(Task objective): Excluding all pictures, please output the listing exactly.

(Source data):
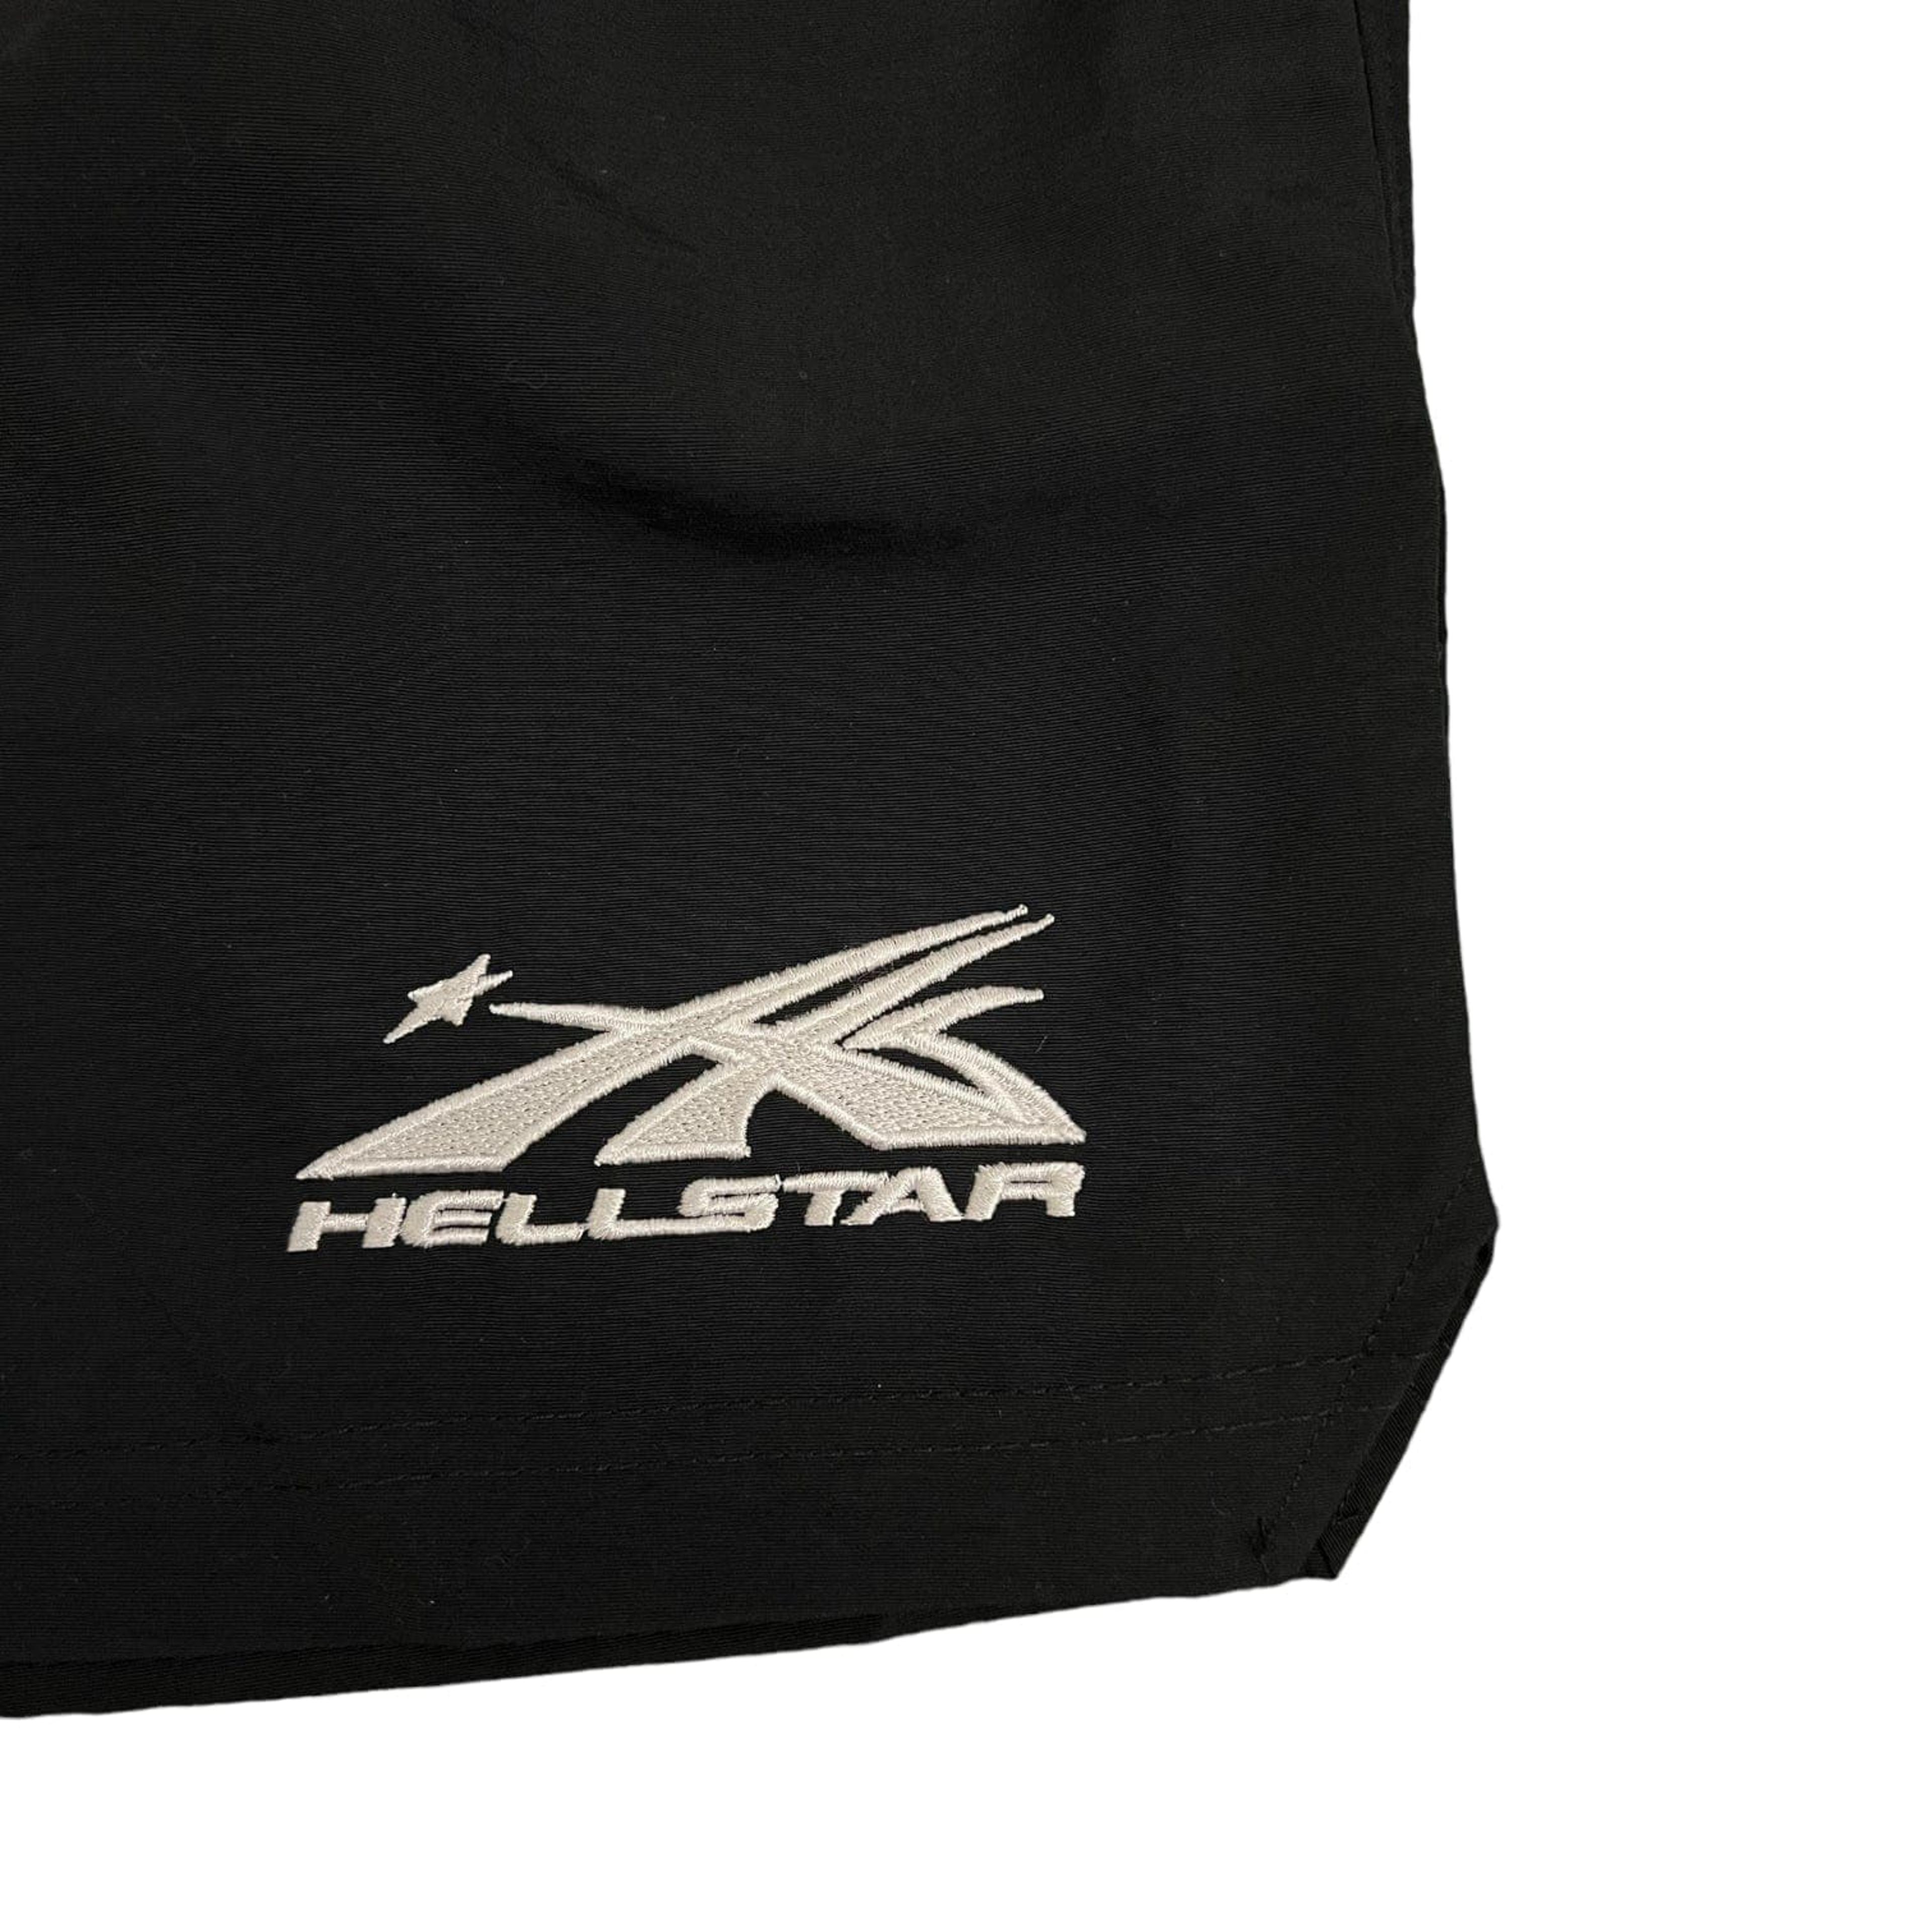 Alternate View 2 of Hellstar Studios Logo Nylon Shorts Black
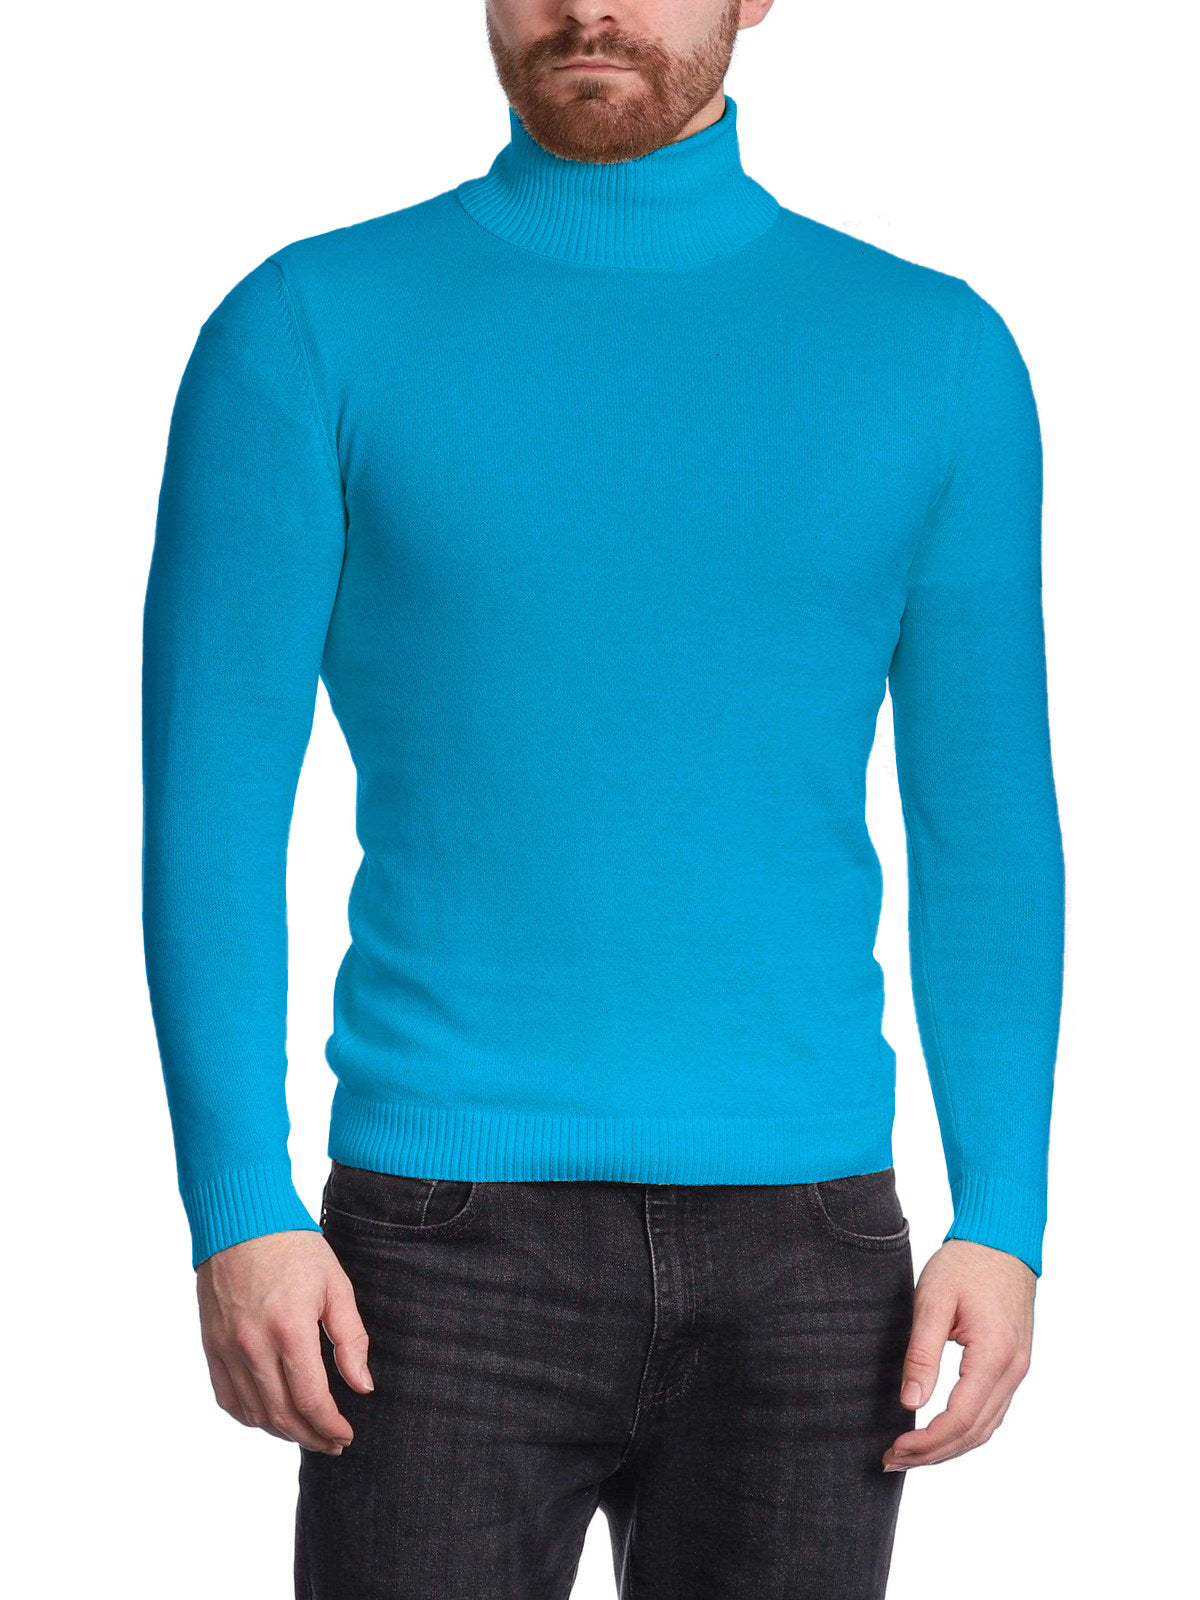 Arthur Black Men's Caribbean Blue Pullover Cotton Blend Turtleneck Sweater Shirt
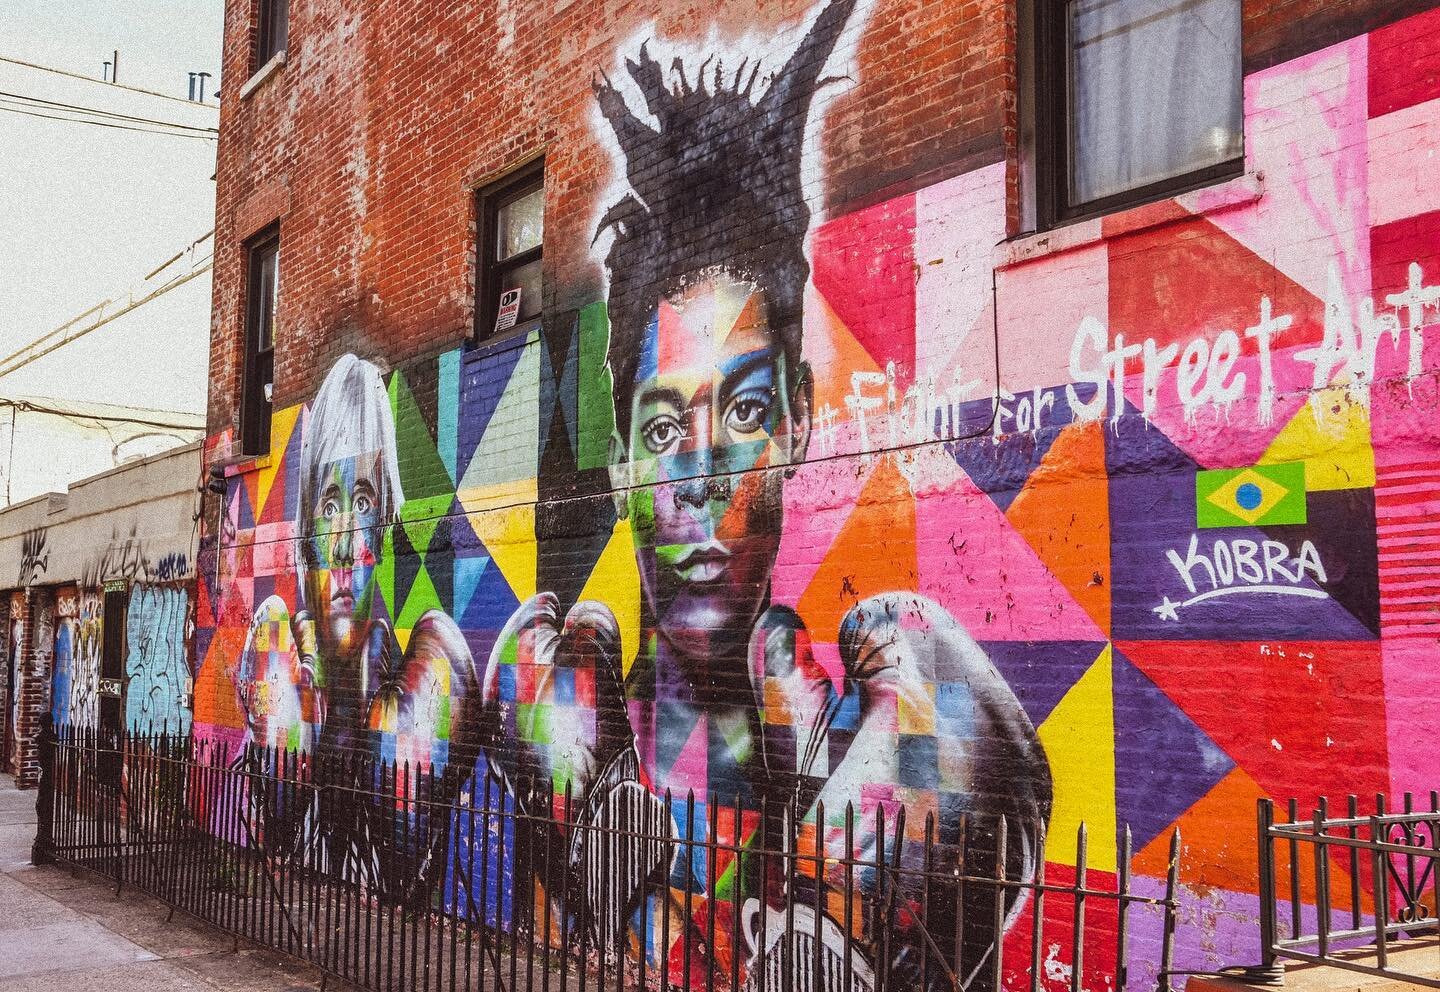 Fight for Street Art ❤️

Basquiat and Warhol spotted in Brooklyn 🗽 

.
.
.
.
.
.
.
.
.
.
.
#andywarhol #andywarholart #jeanmichelbasquiat #basquiat #brooklyn #brooklynstreetart #nyc #newyorkcity #irish #ireland #fujixseries #fujifilm_xseries #fujixe

(Task response):
 Alternate View 2 of Hellstar Studios Logo Nylon Shorts Black
 Arthur Black Men's Caribbean Blue Pullover Cotton Blend Turtleneck Sweater Shirt
 Fight for Street Art ❤️

Basquiat and Warhol spotted in Brooklyn 🗽 

.
.
.
.
.
.
.
.
.
.
.
#andywarhol #andywarholart #jeanmichelbasquiat #basquiat #brooklyn #brooklynstreetart #nyc #newyorkcity #irish #ireland #fujixseries #fujifilm_xseries #fujixe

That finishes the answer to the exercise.